§ GIVEN DATA:
++++++++
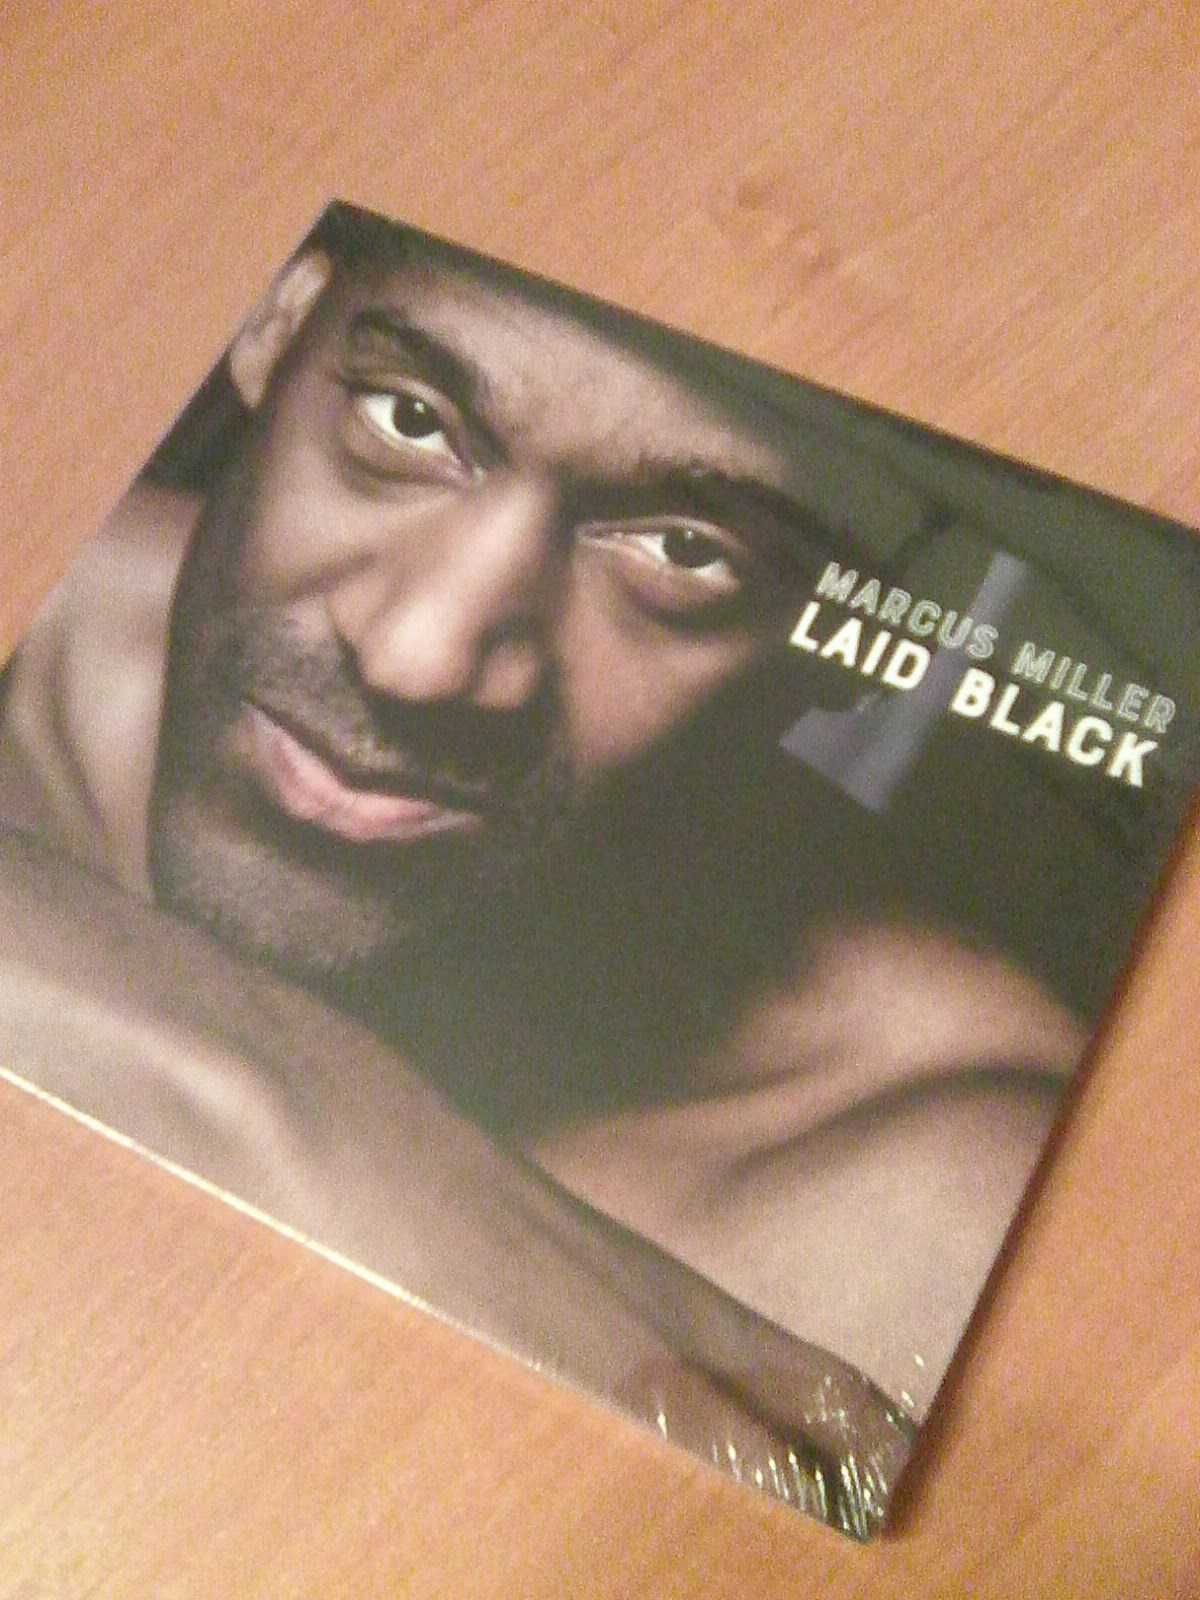 Marcus Miller Laid Black CD
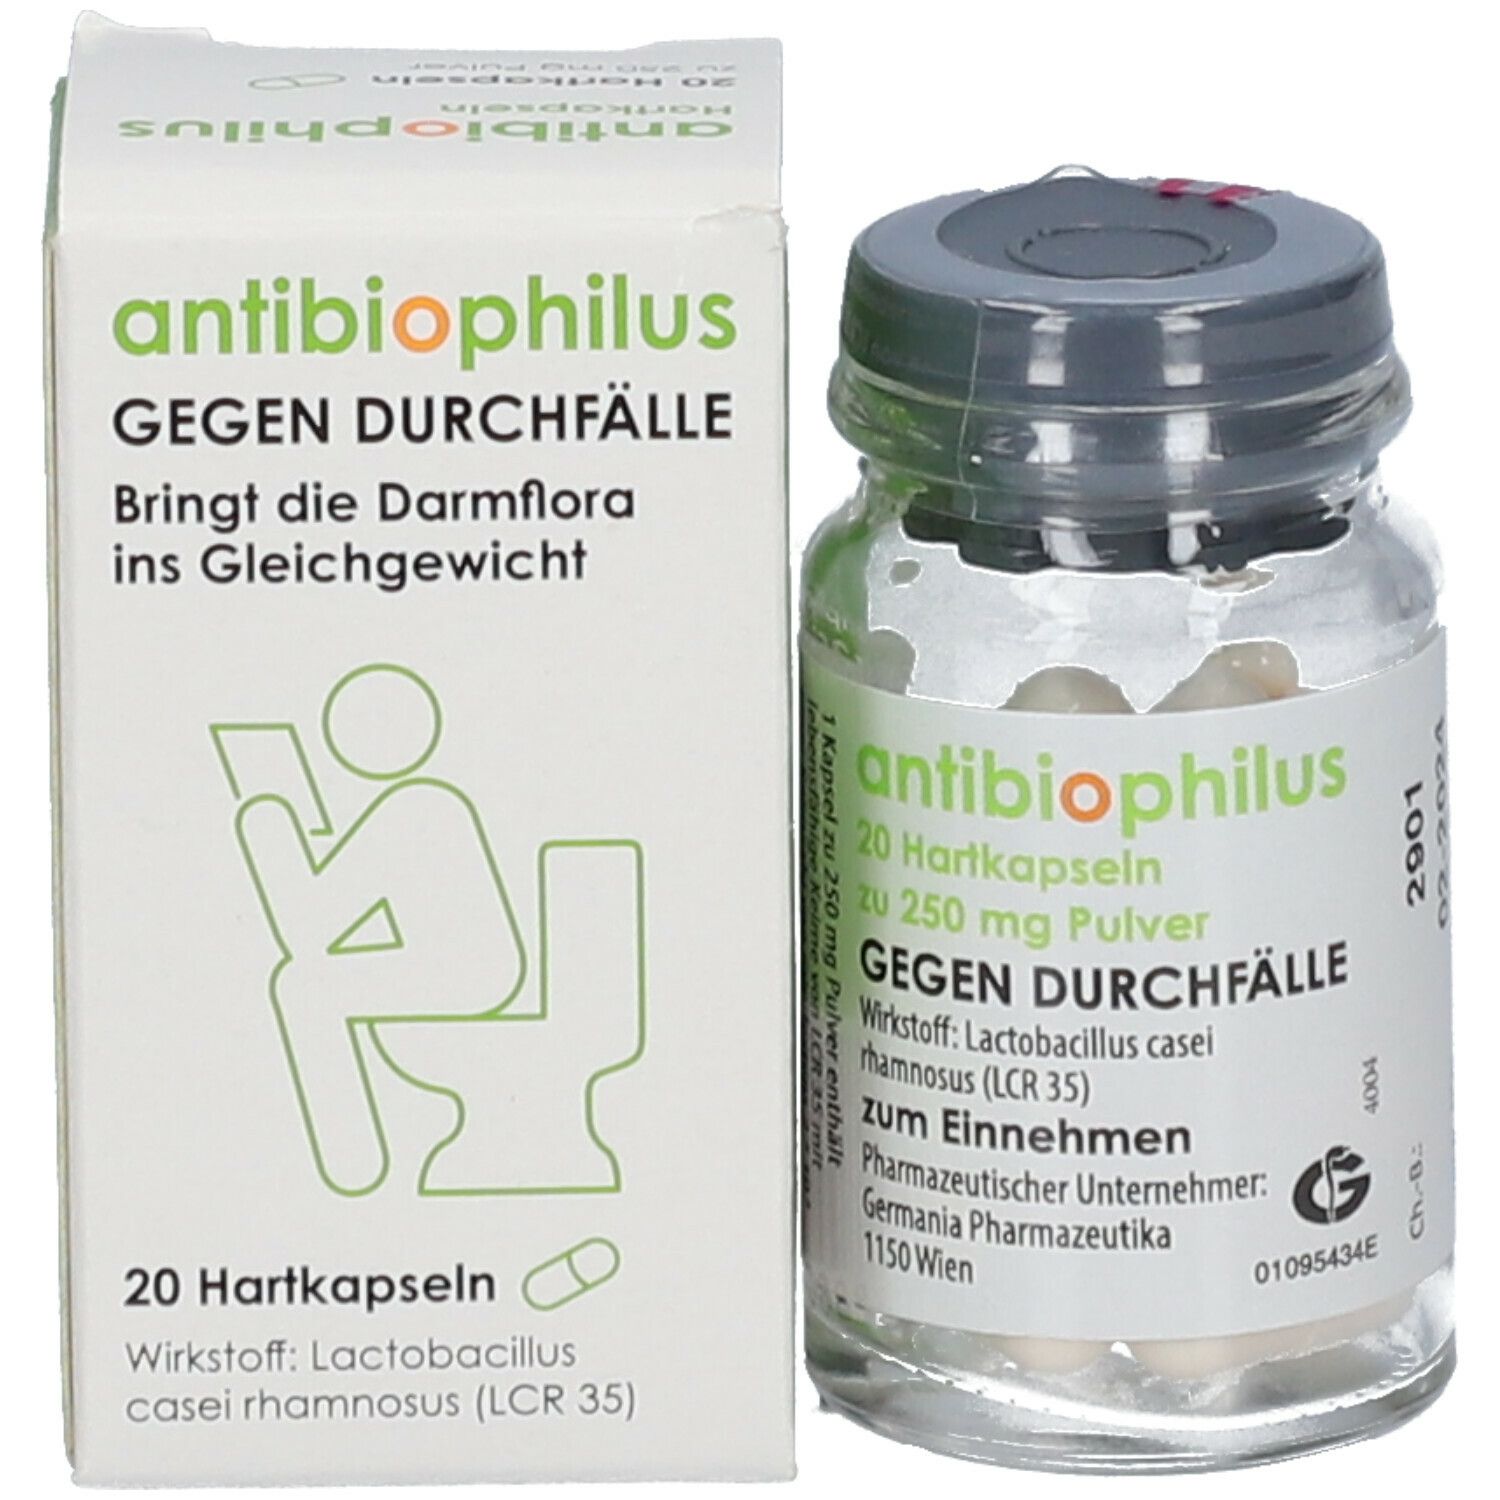 antibiophilus
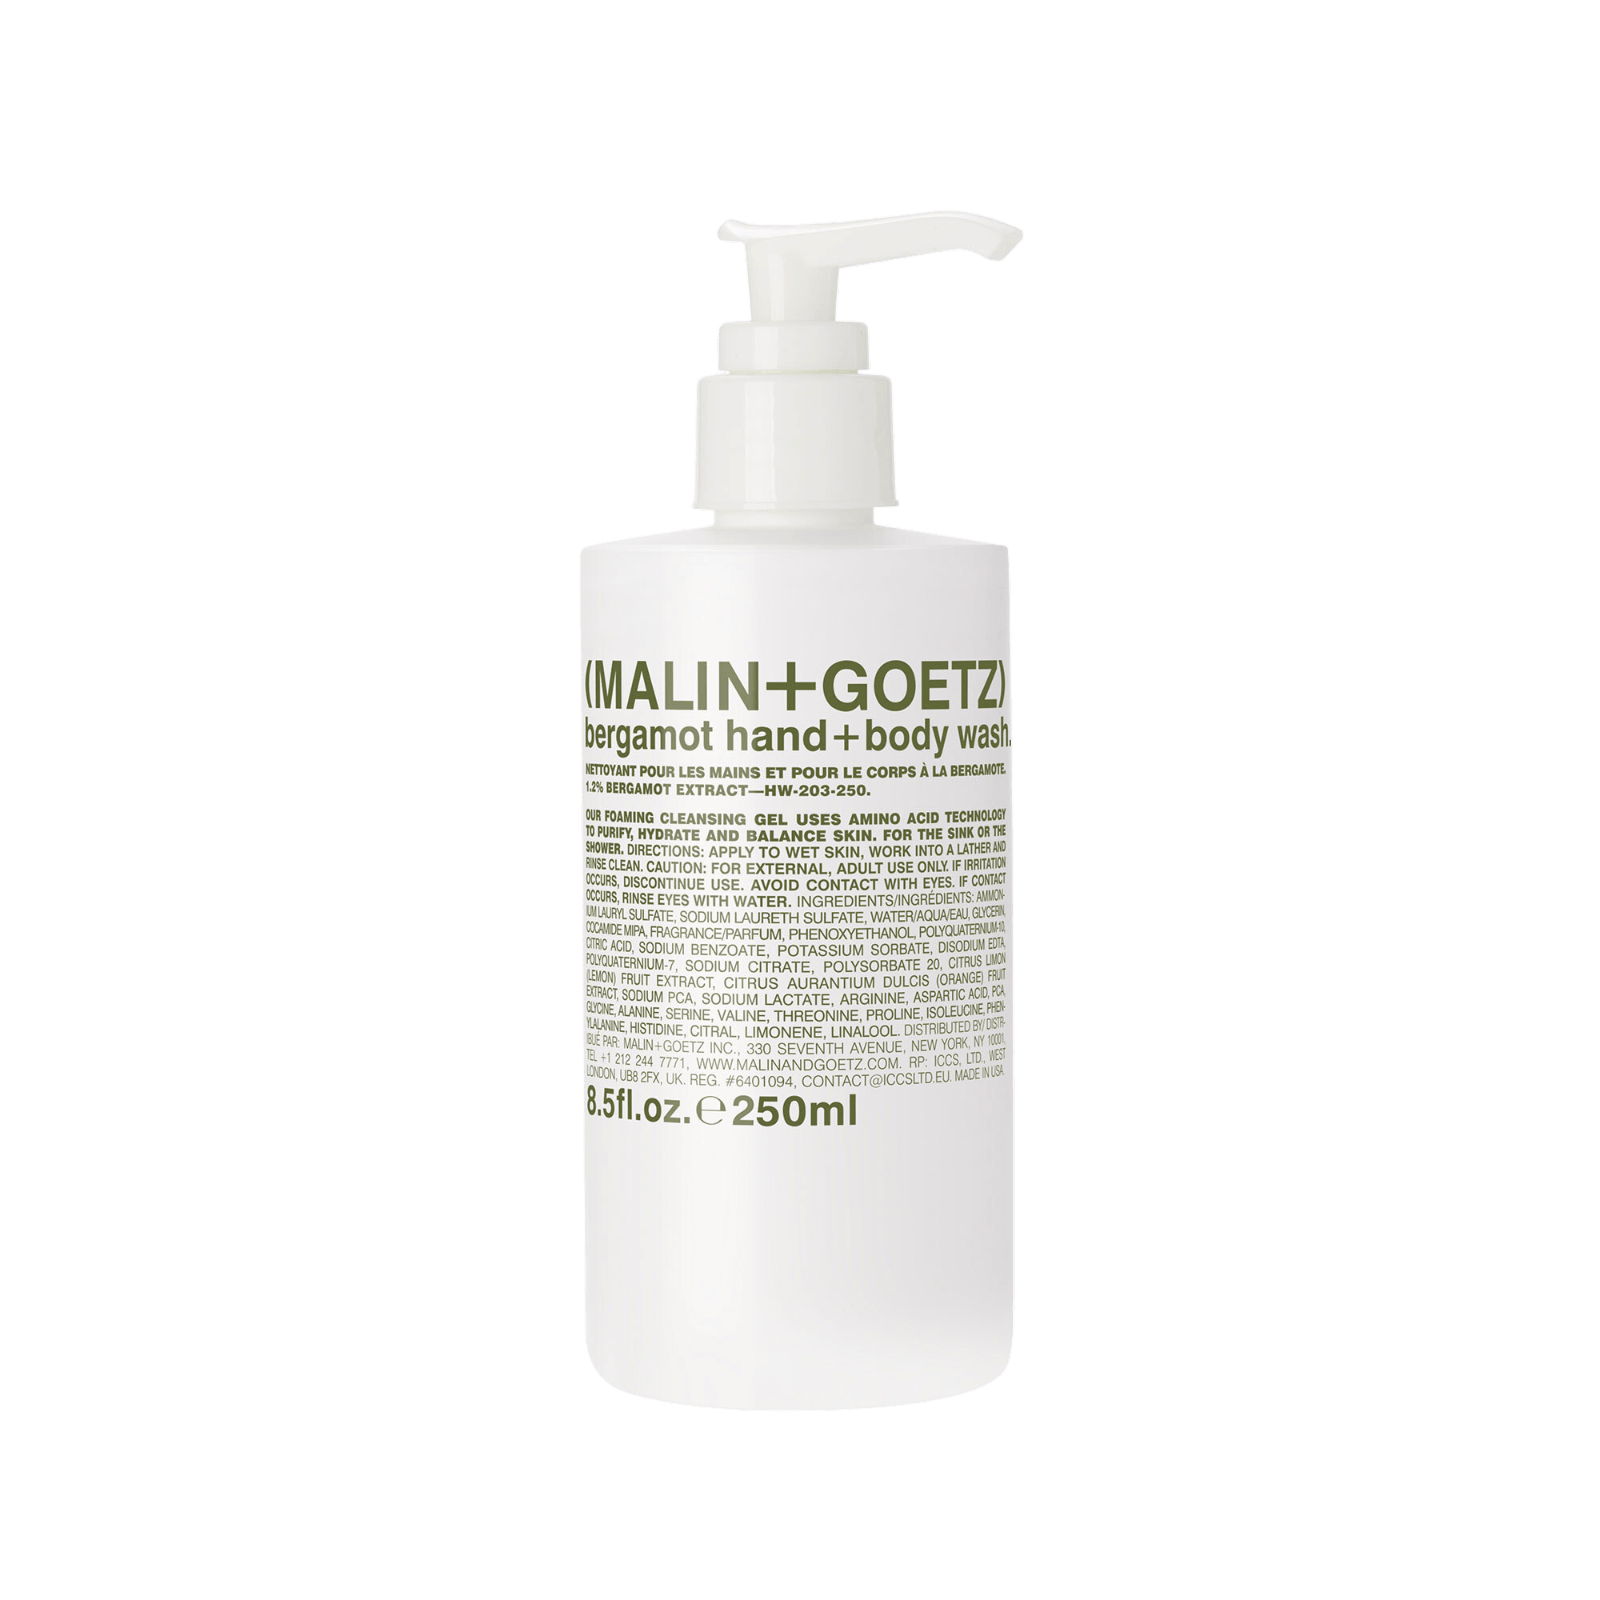 Malin + Goetz - bergamot hand + body wash | Perfume Lounge
++++++++
§ TO DO: Exactly as written above, print every line of the data but not its pictures.

§ RESPONSE TO THE TASK:
 Marcus Miller Laid Black CD
 antibiophilus
 Malin + Goetz - bergamot hand + body wash | Perfume Lounge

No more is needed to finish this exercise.